Download or read book Aphra Behn written by Mary Ann O'Donnell and published by Routledge. This book was released on 2017-03-02 with total page 727 pages. Available in PDF, EPUB and Kindle. Book excerpt: This annotated bibliography constitutes a thoroughly revised and more easily readable study of Behn's publications, of those edited or translated by her, of publications that included her works, and of writings ascribed to her, along with an annotated bibliography of over 1600 works about her from 1671 to 2001, with an unannotated update covering 2002. The augmented primary bibliography describes all known editions and issues of her works to 1702, and adds a catalogue of editions to 2002, including on-line sources. The secondary bibliography adds close to 1000 items published since 1984 to the original 600 of the first edition along with about 175 more from 1671 to 1984, with attention to materials not in English. New appendices include a list of dedicatees, actors, recent productions (with reviews), and provenances. This volume will be invaluable for book dealers, collectors and librarians, as well as students and scholars of Aphra Behn and of Restoration literature.

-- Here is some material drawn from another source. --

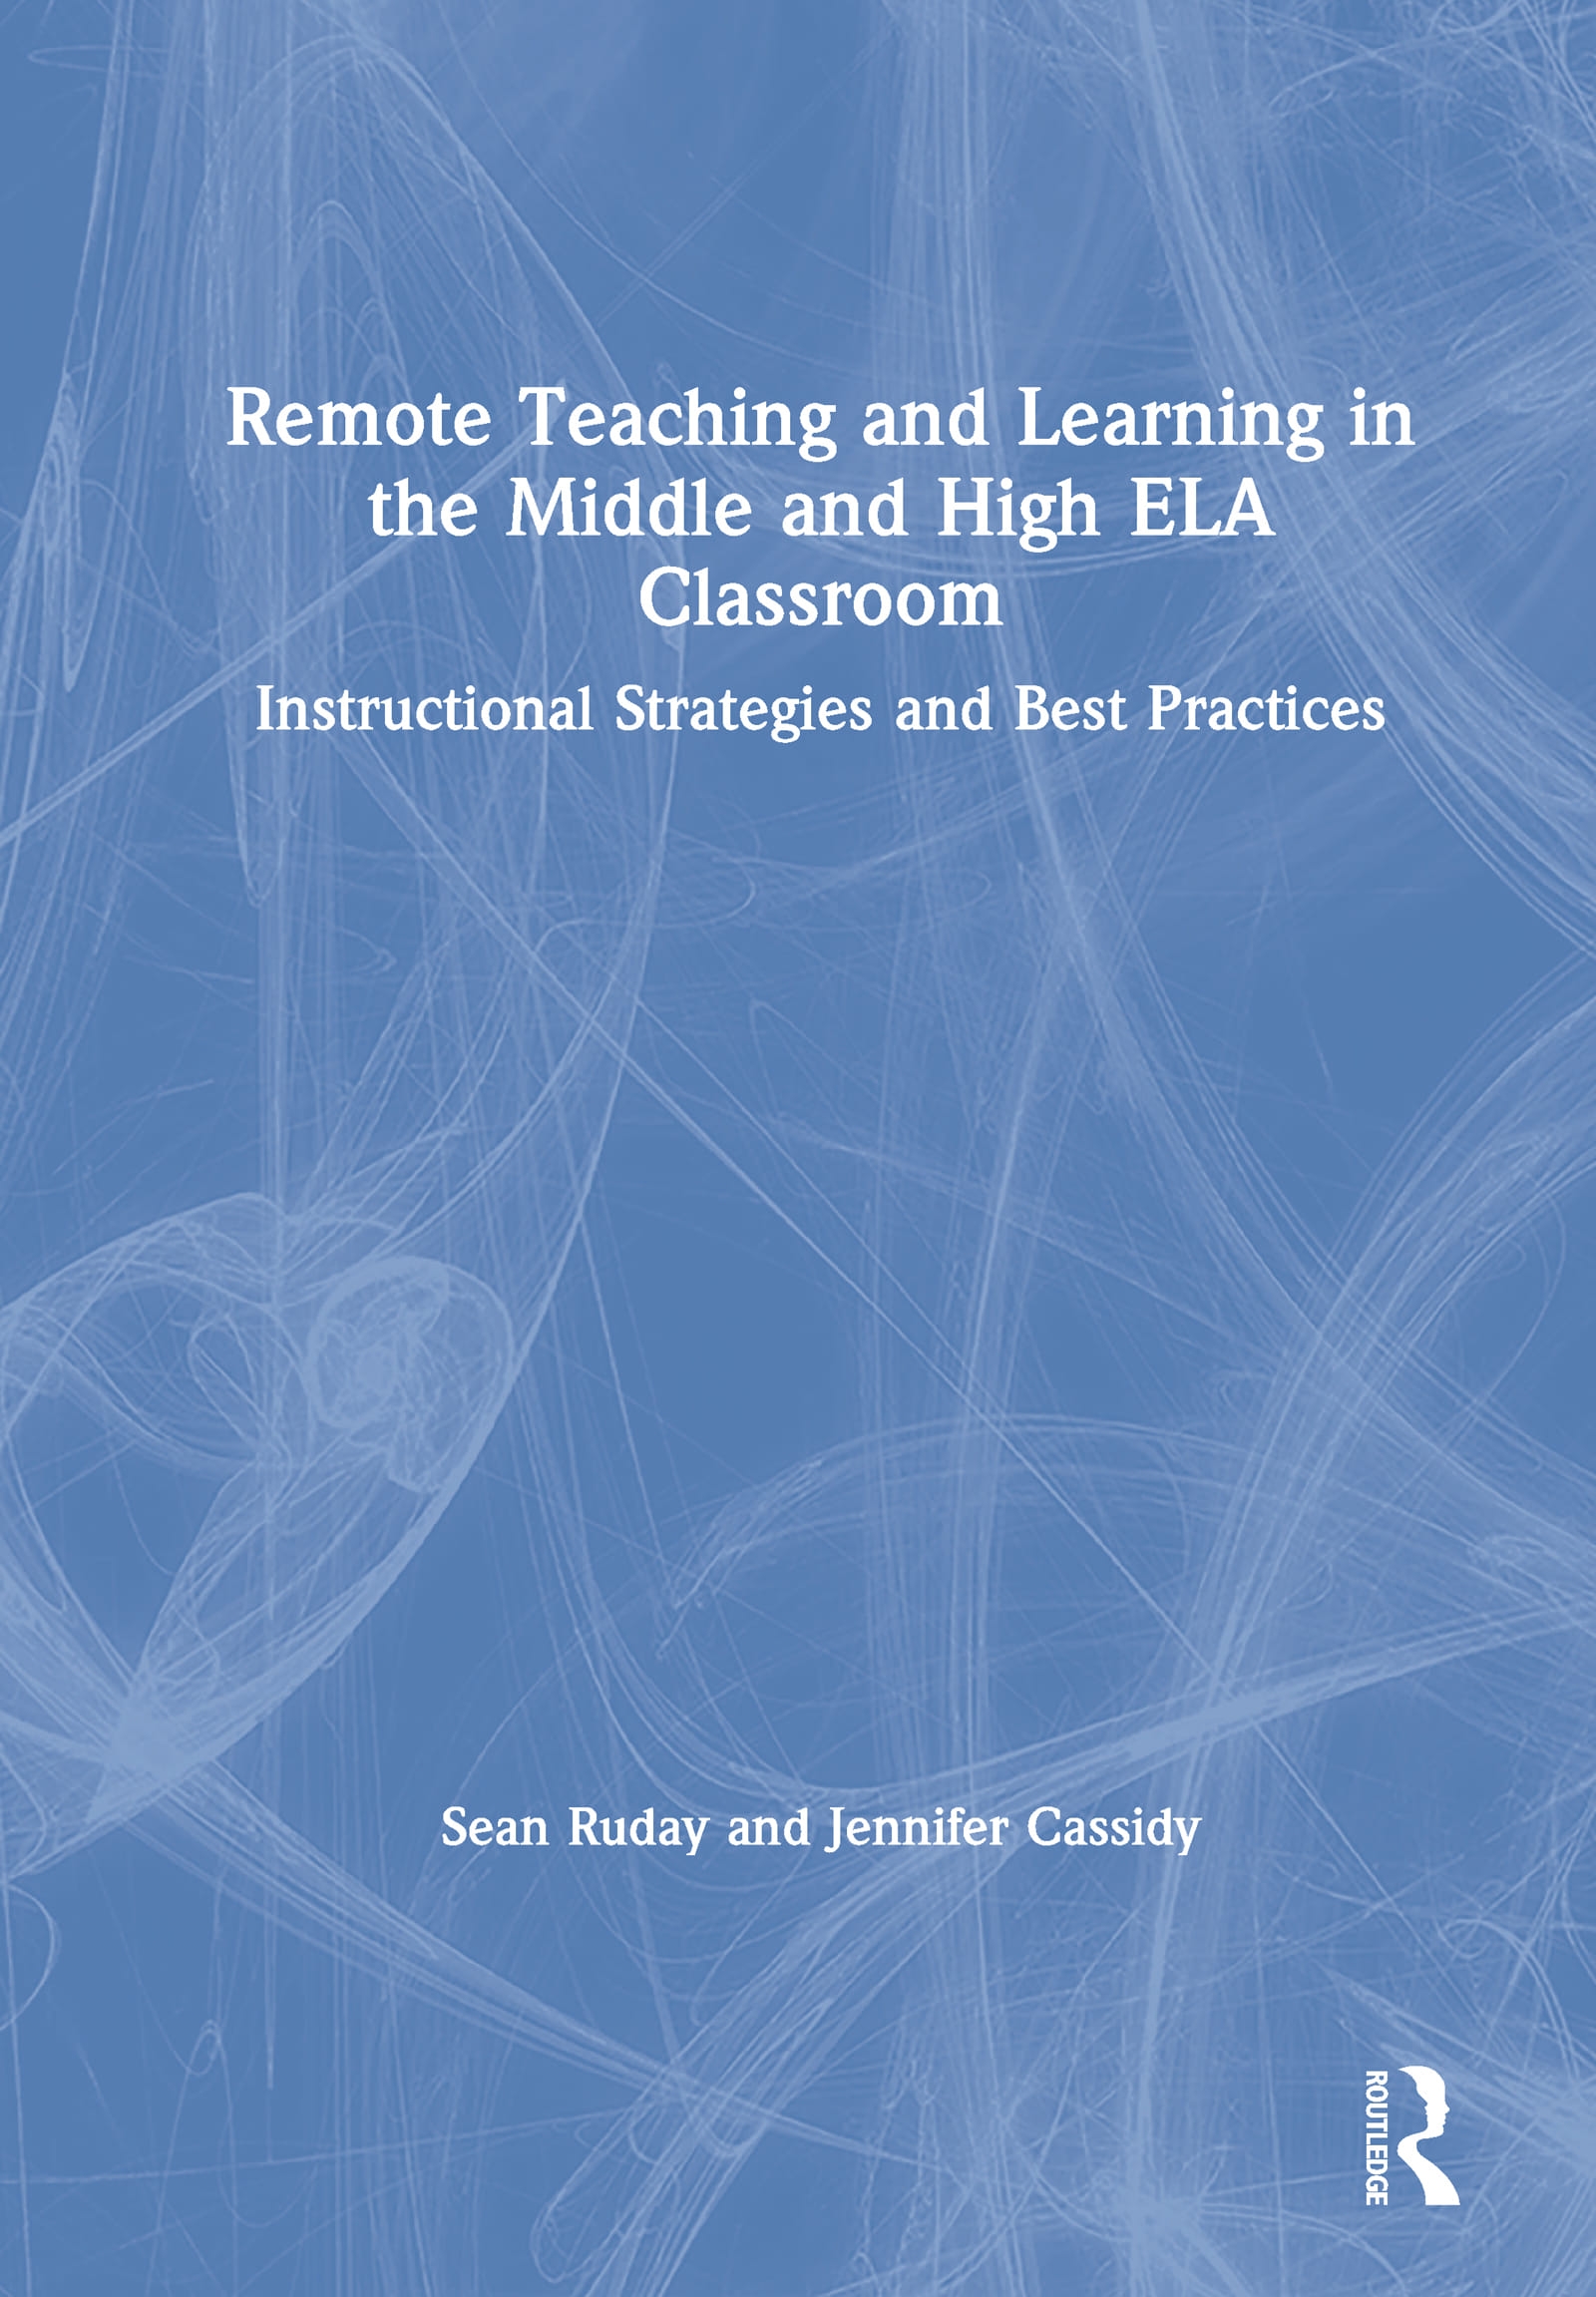 Remote Teaching and Learning in the Middle and High Ela Classroom: Instructional Strategies and Best Practices

Book Constructions of Female Homoeroticism in Early Modern Drama

Download or read book Constructions of Female Homoeroticism in Early Modern Drama written by D. Walen and published by Springer. This book was released on 2005-09-16 with total page 230 pages. Available in PDF, EPUB and Kindle. Book excerpt: This book explores representations of love and desire between female characters in nearly seventy plays written between 1580 and 1660. The work argues that playwrights of late sixteenth- and early seventeenth-century England recognized and constructed richly diverse tropes of female homoerotic desire. Writers place female characters in erotic situations with other female characters in playful scenarios of mistaken identity, in anxious moments of amorous intrigue, in predatory situations and in enthusiastic, utopian representations of romantic love. These plays indicate an awareness of female homoeroticism in early modern England and belie statements that literary evidence of homosexuality was concerned primarily with men.